The last I saw, Chinese retail sales were growing at 15% a year net of inflation. That’s the fastest rate in nine years. Gasoline sales are growing at a 55% annual rate. Incomes are rising by 8% a year. I think you would find similar numbers throughout Asia.

Essentially, it is more important that crude oil tends to put in a seasonal low in August. Longer term, you will see $160.00 crude oil … perhaps even this year.

We called for this stock market rally when everyone was in a fit of panic, but we did not advise the beginning of a new bull market in stocks. That just isn’t going to happen. The Standard & Poor’s 500 index should be limited to 1,350.

I pulled up charts of the Dow Jones Industrial Average, S&P 500, and Nasdaq Composite index from1980 to 2000. That was one heck of a bull market—and not unlike the commodity bull market we are currently experiencing.

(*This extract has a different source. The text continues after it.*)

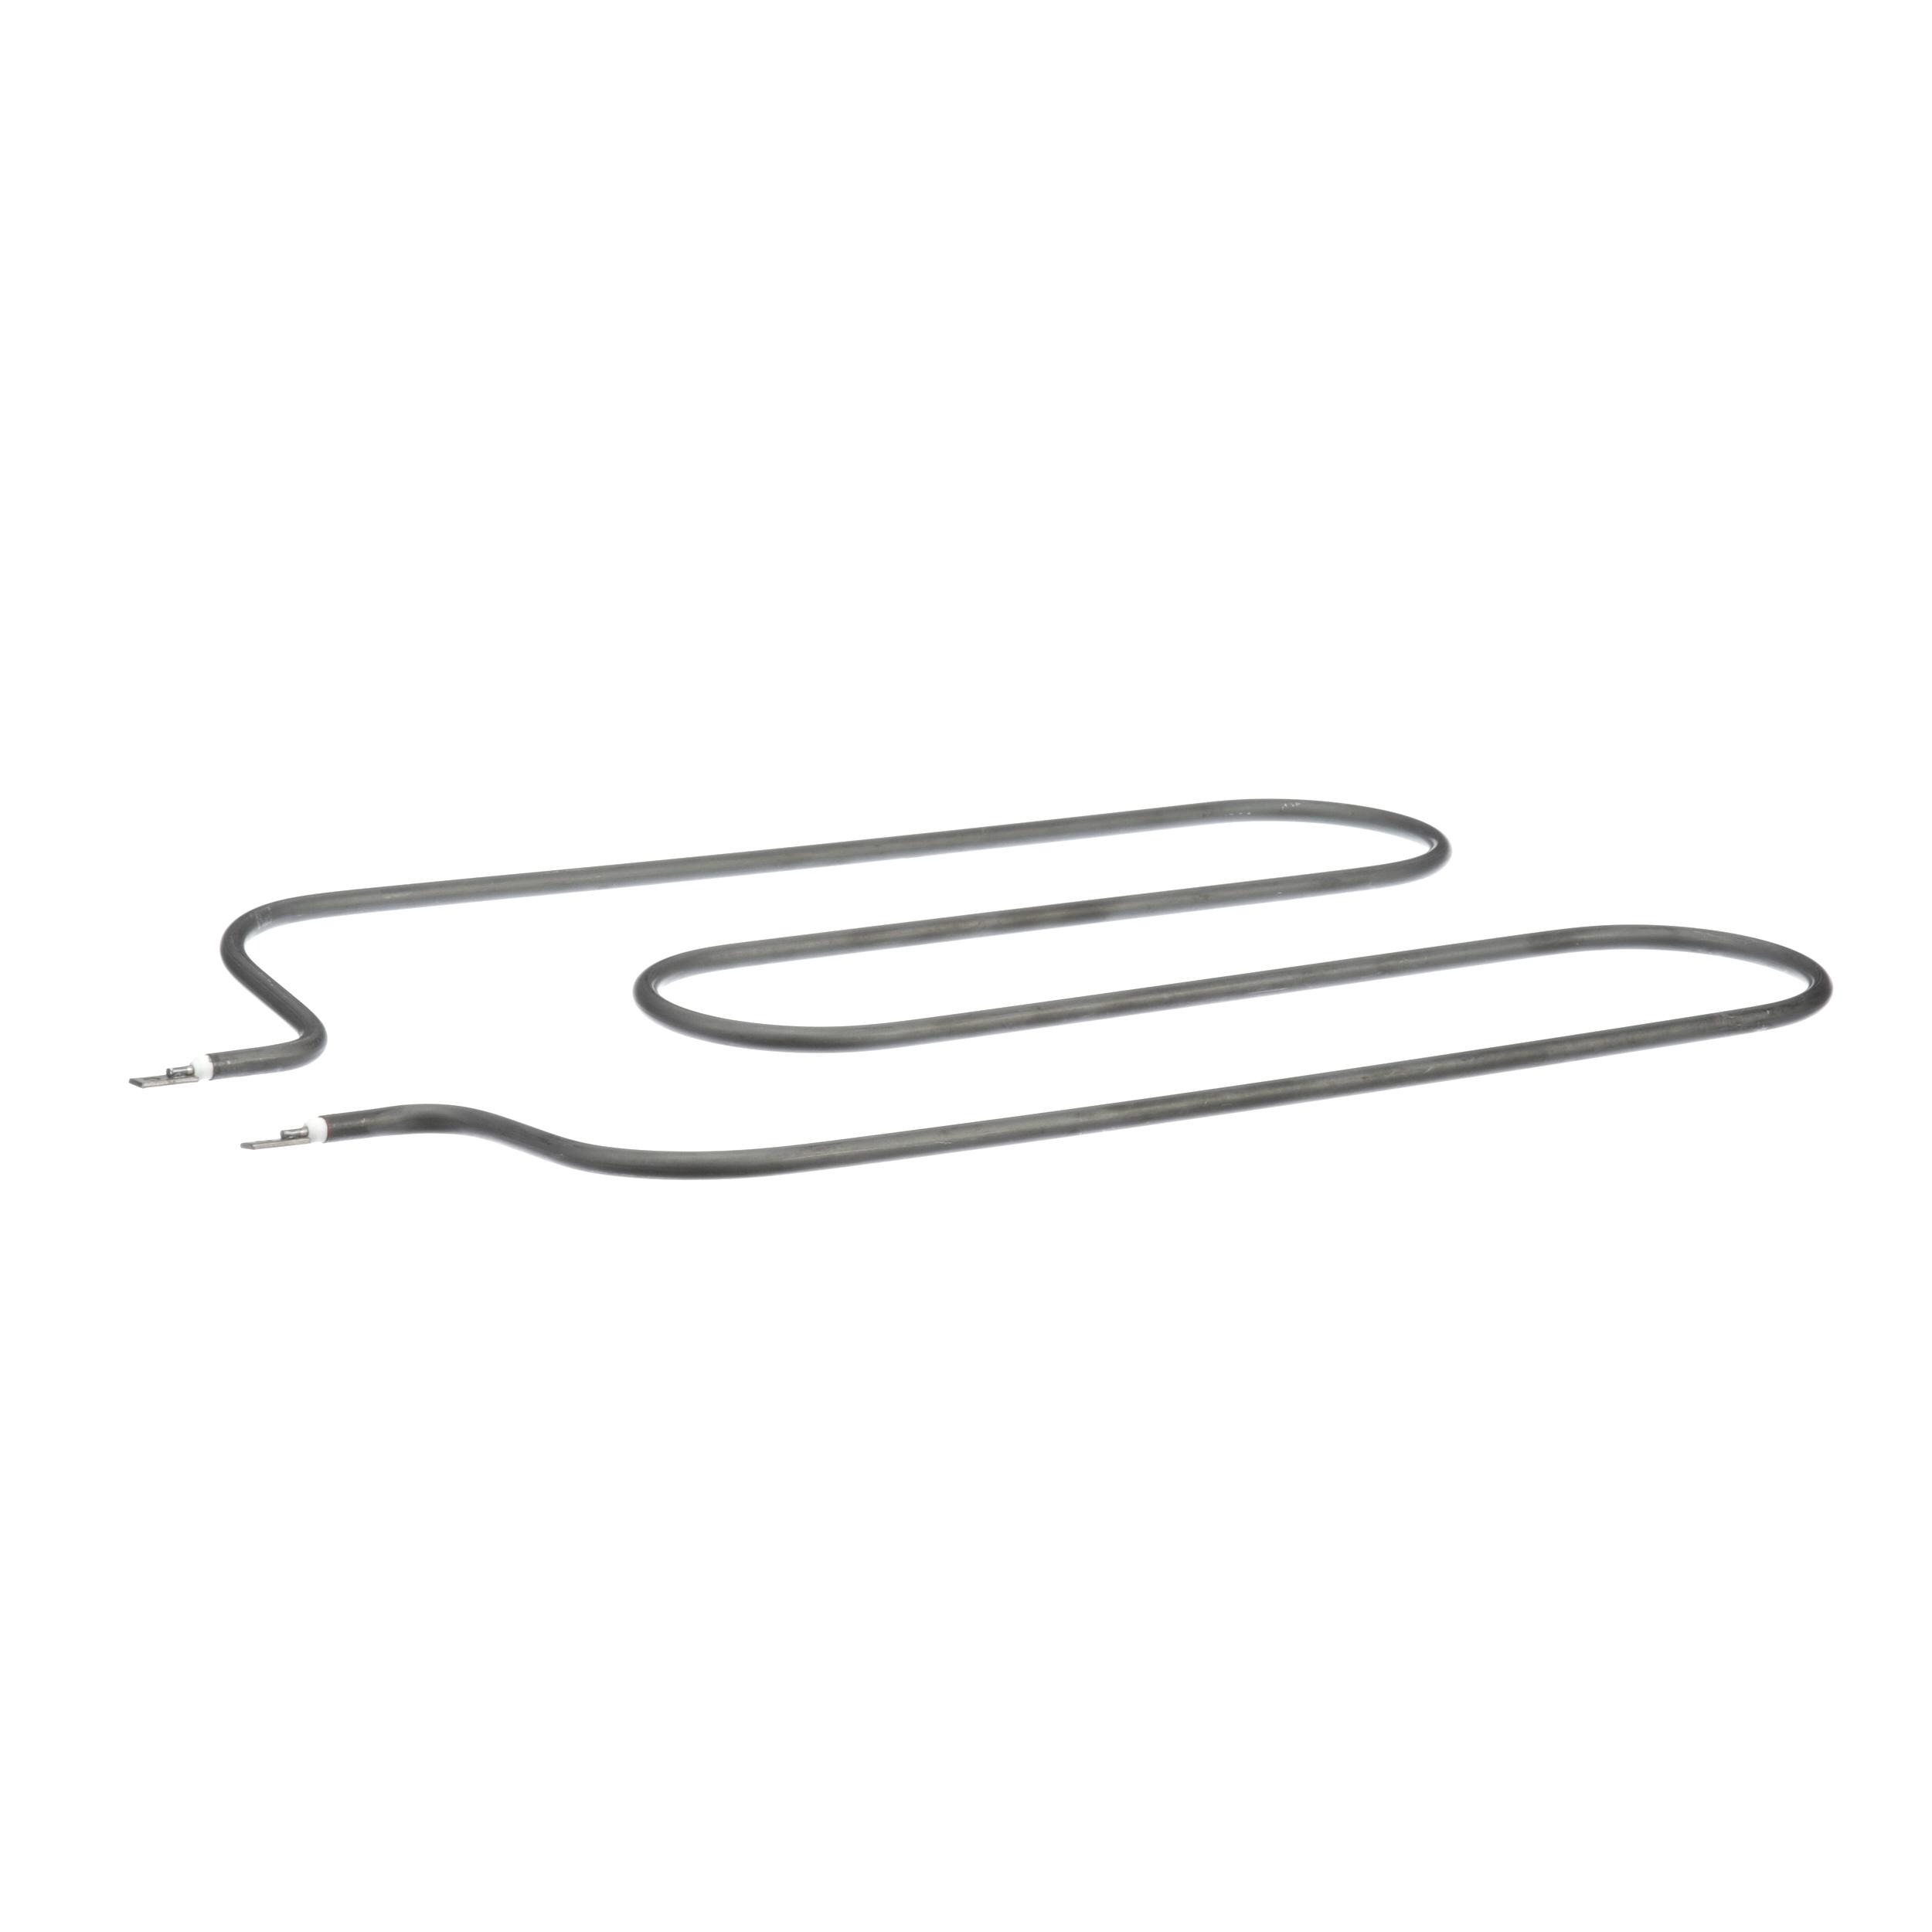 DUKE ELEMENT,120V 1200W CT WMR WELL, 250C

Along the way during those 20 years, there were serious corrections—much more severe than the recent correction in gold, for example. I traded through 1987 up close and personal. The market topped out in August that year, gained downside momentum, and totally melted down in October. The Dow collapsed 25% in one day alone.

Corrections come along during bull markets. They always look like the end of the world, but they are actually the beginning of an opportunity. The commodity bull has a long ways to go. You must hold tight when you are right. The commodity bull will last until the Dow/gold ratio—currently 13x—falls under five.